Resolving G\"odel's Incompleteness Myth: Polynomial Equations and Dynamical Systems for Algebraic Logic

TL;DR

This paper introduces a novel computational approach using polynomial equations and dynamical systems to evaluate logical propositions, challenging traditional interpretations of G"odel's incompleteness theorems and providing a new perspective on undecidability.

Contribution

It presents a new algebraic and dynamical systems framework for analyzing logical formulas, offering insights into G"odel's theorems and the nature of undecidability in mathematics.

Findings

Logical formulas can be represented as polynomial equations and dynamical systems.

G"odel's self-referential formula is shown to be inconsistent or unsteady within this framework.

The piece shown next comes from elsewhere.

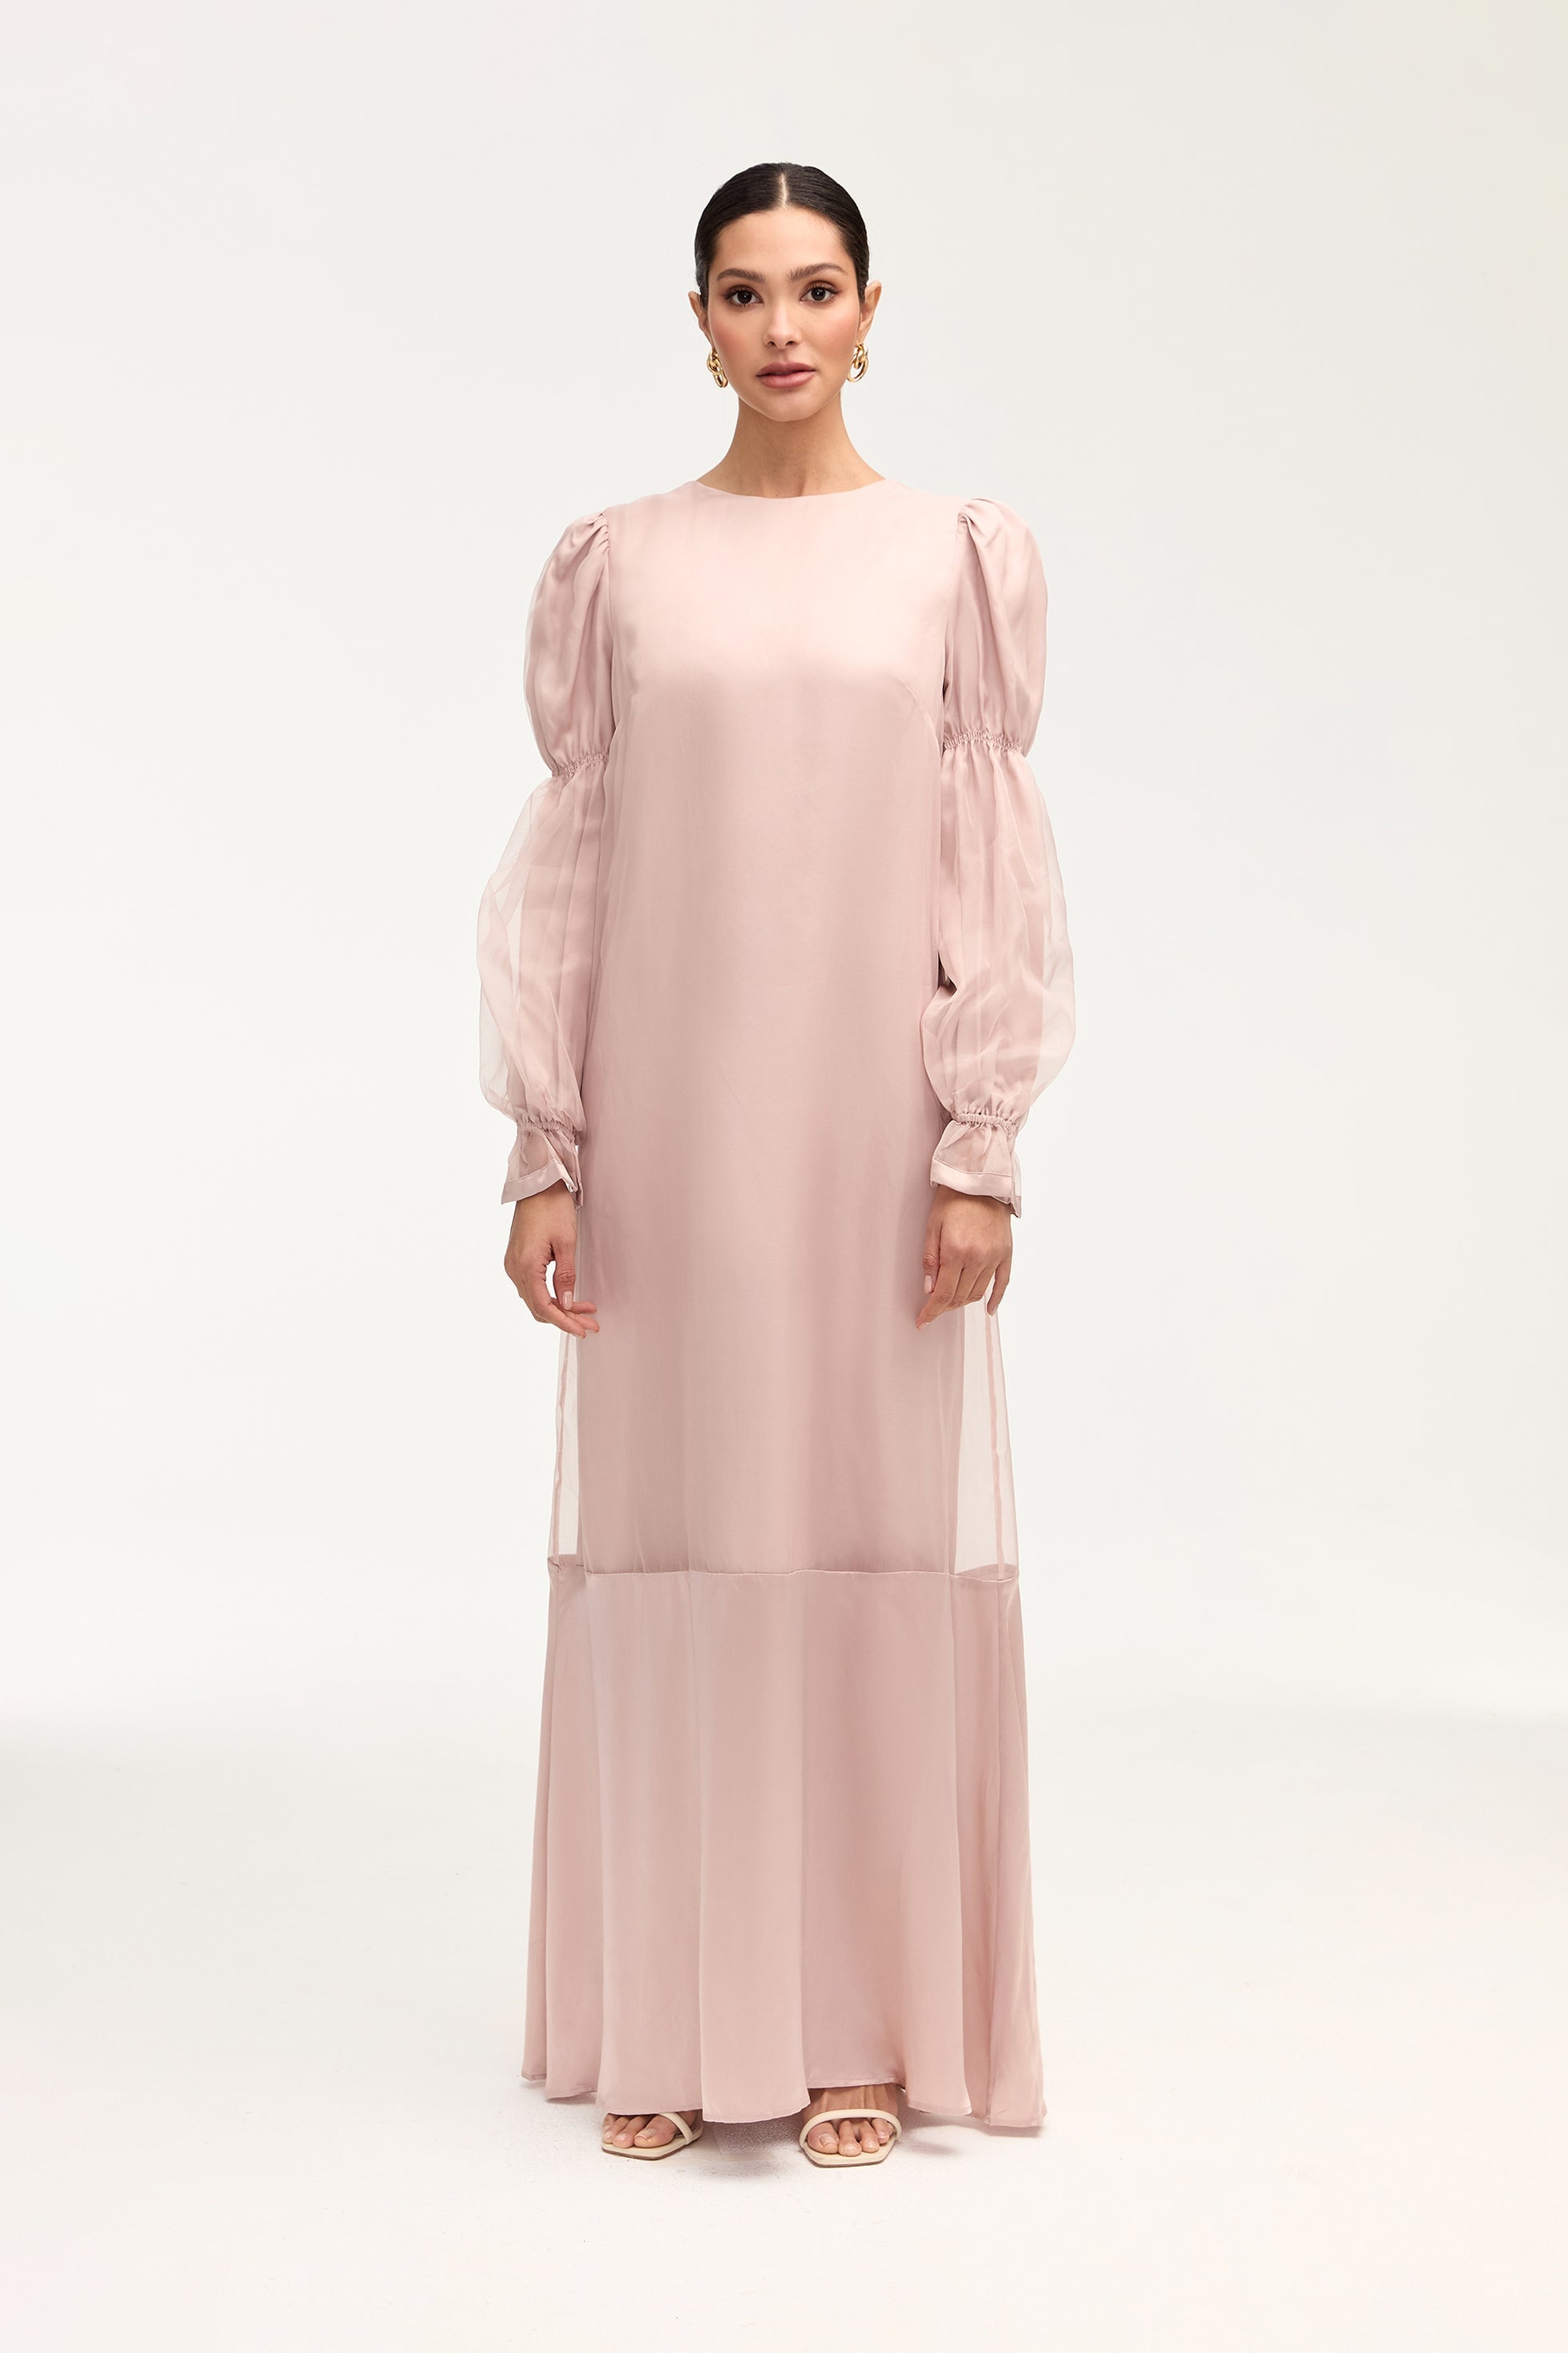 Silk Organza Satin Trim Maxi Dress - Sepia Rose Dresses Veiled

The approach clarifies that G"odel's incompleteness does not imply fundamental limitations of mathematics.

Abstract

A new computational method that uses polynomial equations and dynamical systems to evaluate logical propositions is introduced and applied to Goedel's incompleteness theorems. The truth value of a logical formula subject to a set of axioms is computed from the solution to the corresponding system of polynomial equations. A reference by a formula to its own provability is shown to be a recurrence relation, which can be either interpreted as such to generate a discrete dynamical system, or interpreted in a static way to create an additional simultaneous equation. In this framework the truth values of logical formulas and other polynomial objectives have complex data structures: sets of elementary values, or dynamical systems that generate sets of infinite sequences of such solution-value sets. Besides the routine result that a formula has a definite elementary value, these data structures encode several exceptions: formulas that are ambiguous, unsatisfiable, unsteady, or contingent. These exceptions represent several semantically different types of undecidability; none causes any fundamental problem for mathematics. It is simple to calculate that Goedel's formula, which asserts that it cannot be proven, is exceptional in specific ways: interpreted statically, the formula defines an inconsistent system of equations (thus it is called unsatisfiable); interpreted dynamically, it defines a dynamical system that has a periodic orbit and no fixed point (thus it is called unsteady). These exceptions are not catastrophic failures of logic; they are accurate mathematical descriptions of Goedel's self-referential construction. Goedel's analysis does not reveal any essential incompleteness in formal reasoning systems, nor any barrier to proving the consistency of such systems by ordinary mathematical means.